■ **Work instructions**
Retype the whole listing, please, keeping every line exact and dropping the pictures.

■ **Information provided**
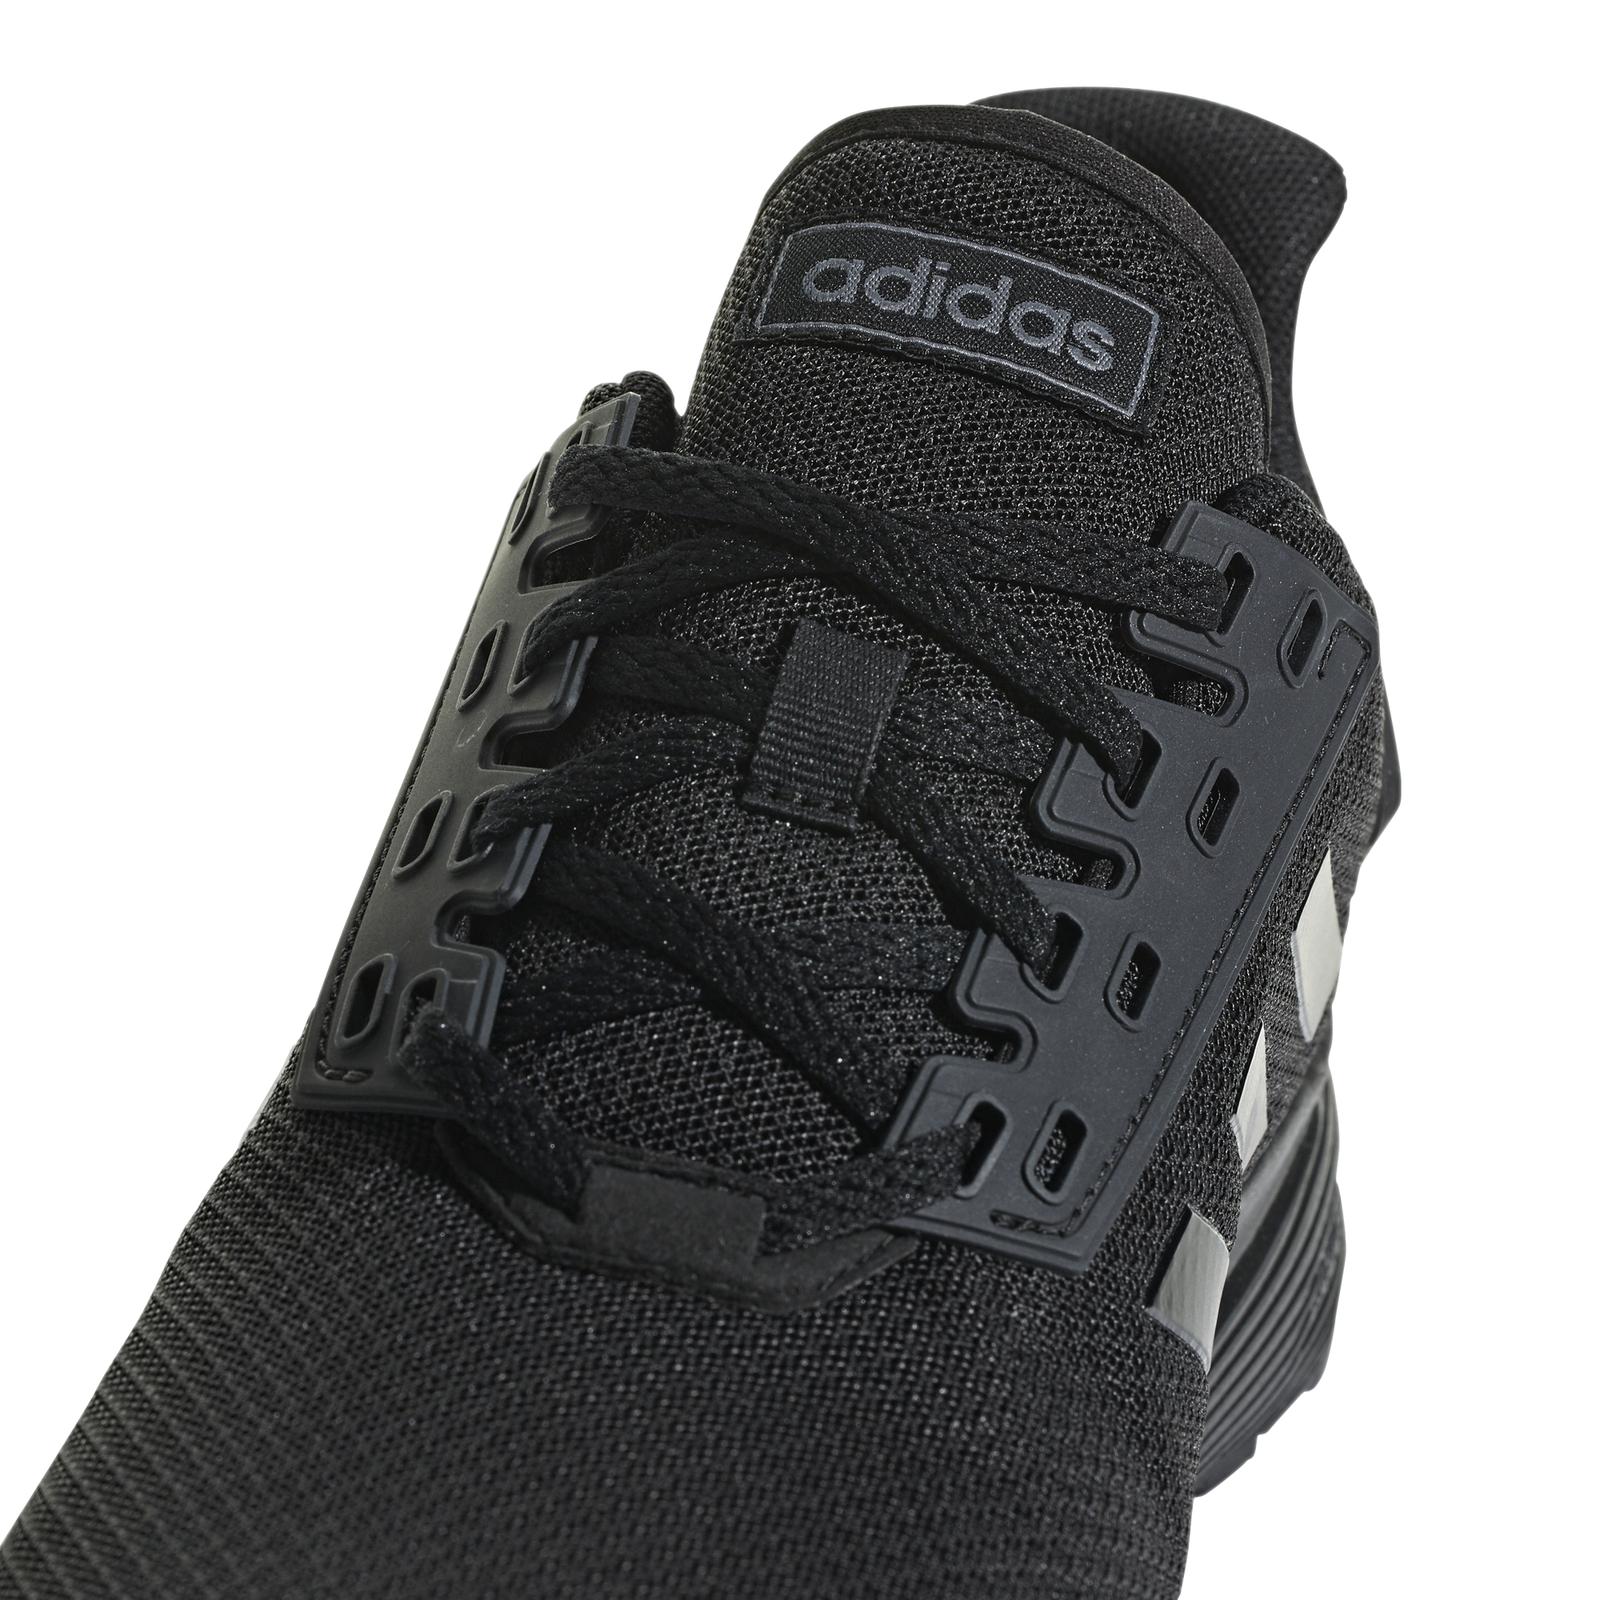 Details about Adidas Duramo 9 Men Men's Running Shoes Leisure Sport Trainers Black b96578 show original title
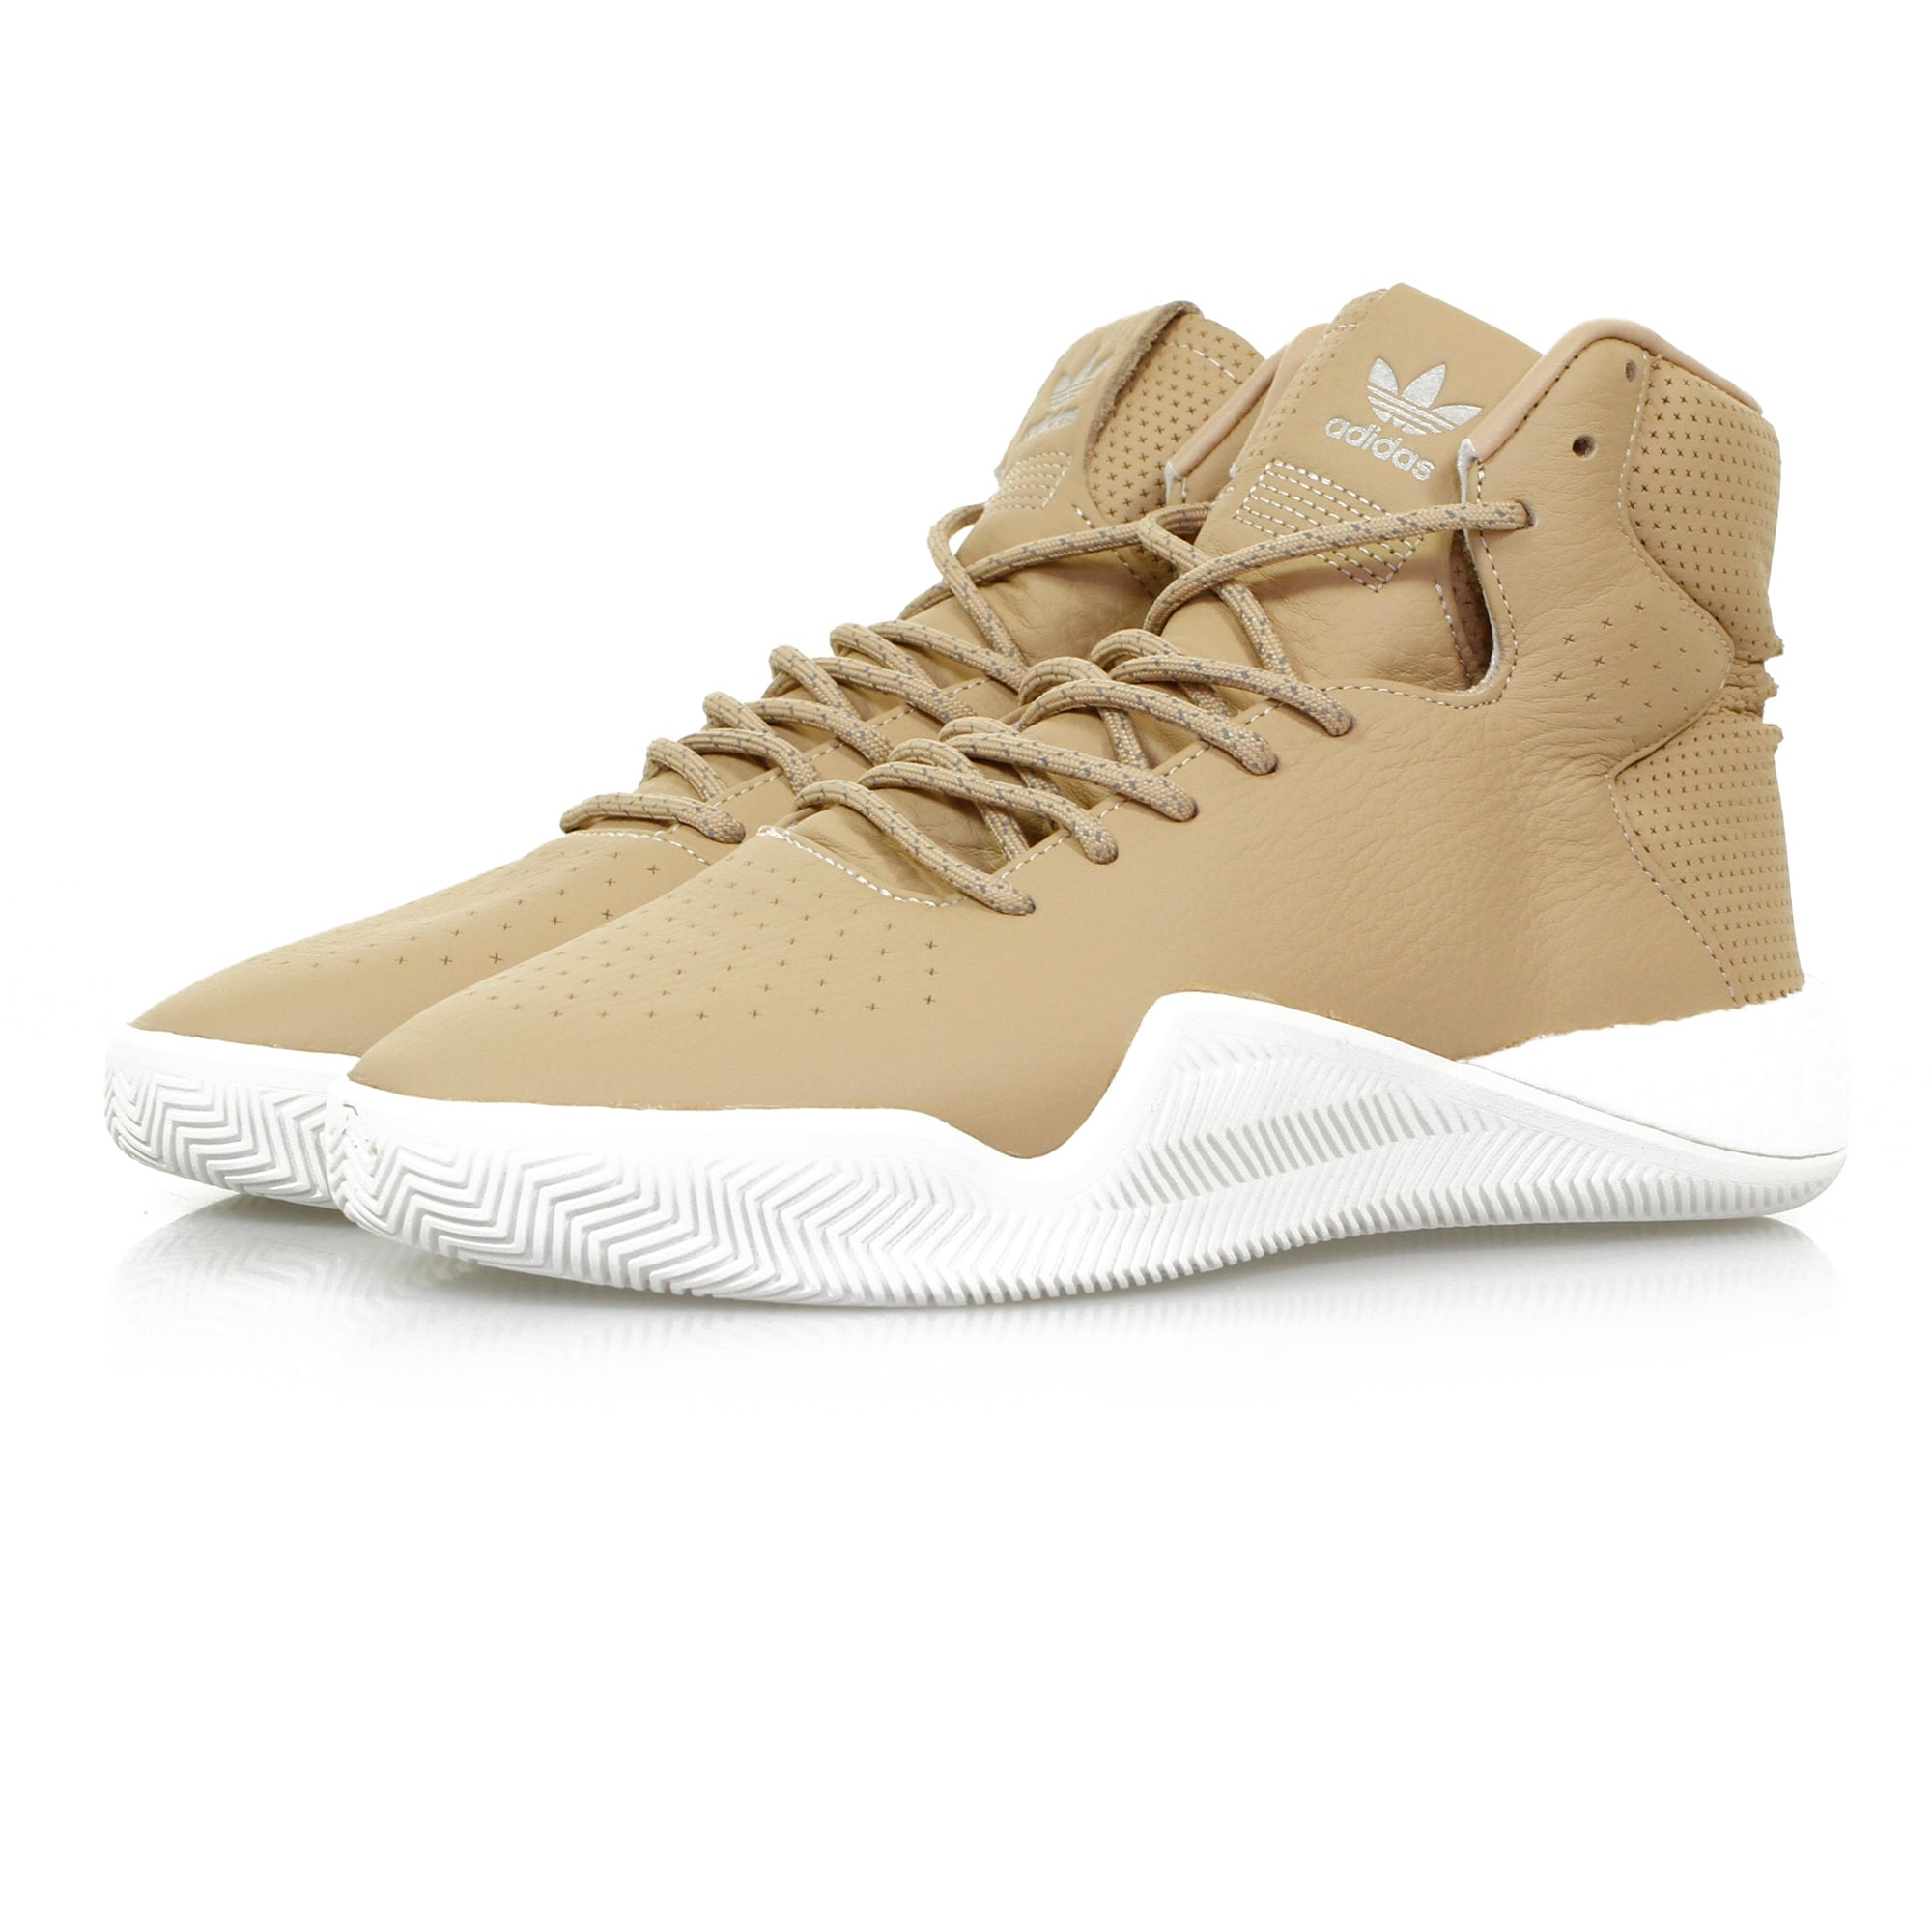 Adidas Instinct Sneakers | Tubular Instinct Adidas Boost Chalk Blanco Zapatos 4f73c0
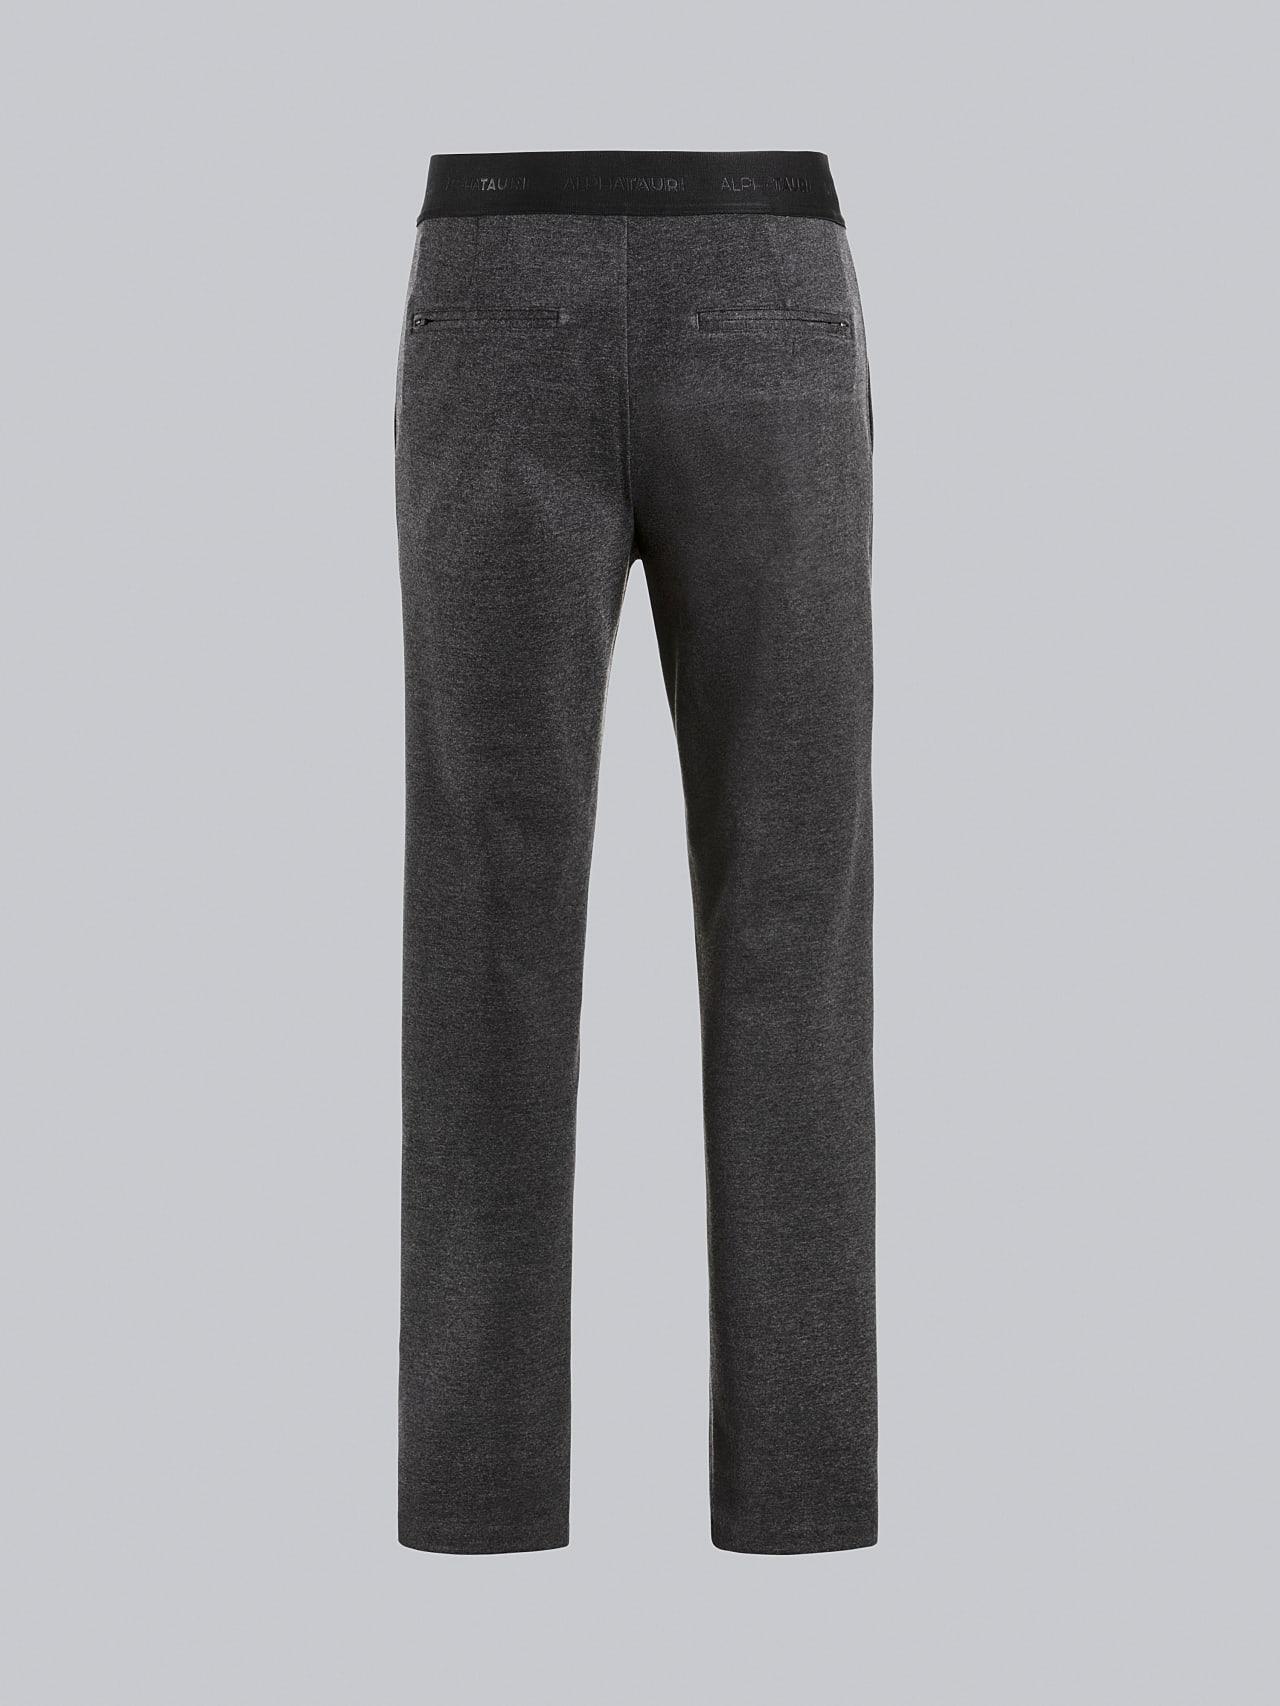 PRINO V2.Y5.02 Cropped Waterproof Sweat Pants dark grey / anthracite Left Alpha Tauri

■ **Your solution**
 Details about Adidas Duramo 9 Men Men's Running Shoes Leisure Sport Trainers Black b96578 show original title
 Adidas Instinct Sneakers | Tubular Instinct Adidas Boost Chalk Blanco Zapatos 4f73c0
 PRINO V2.Y5.02 Cropped Waterproof Sweat Pants dark grey / anthracite Left Alpha Tauri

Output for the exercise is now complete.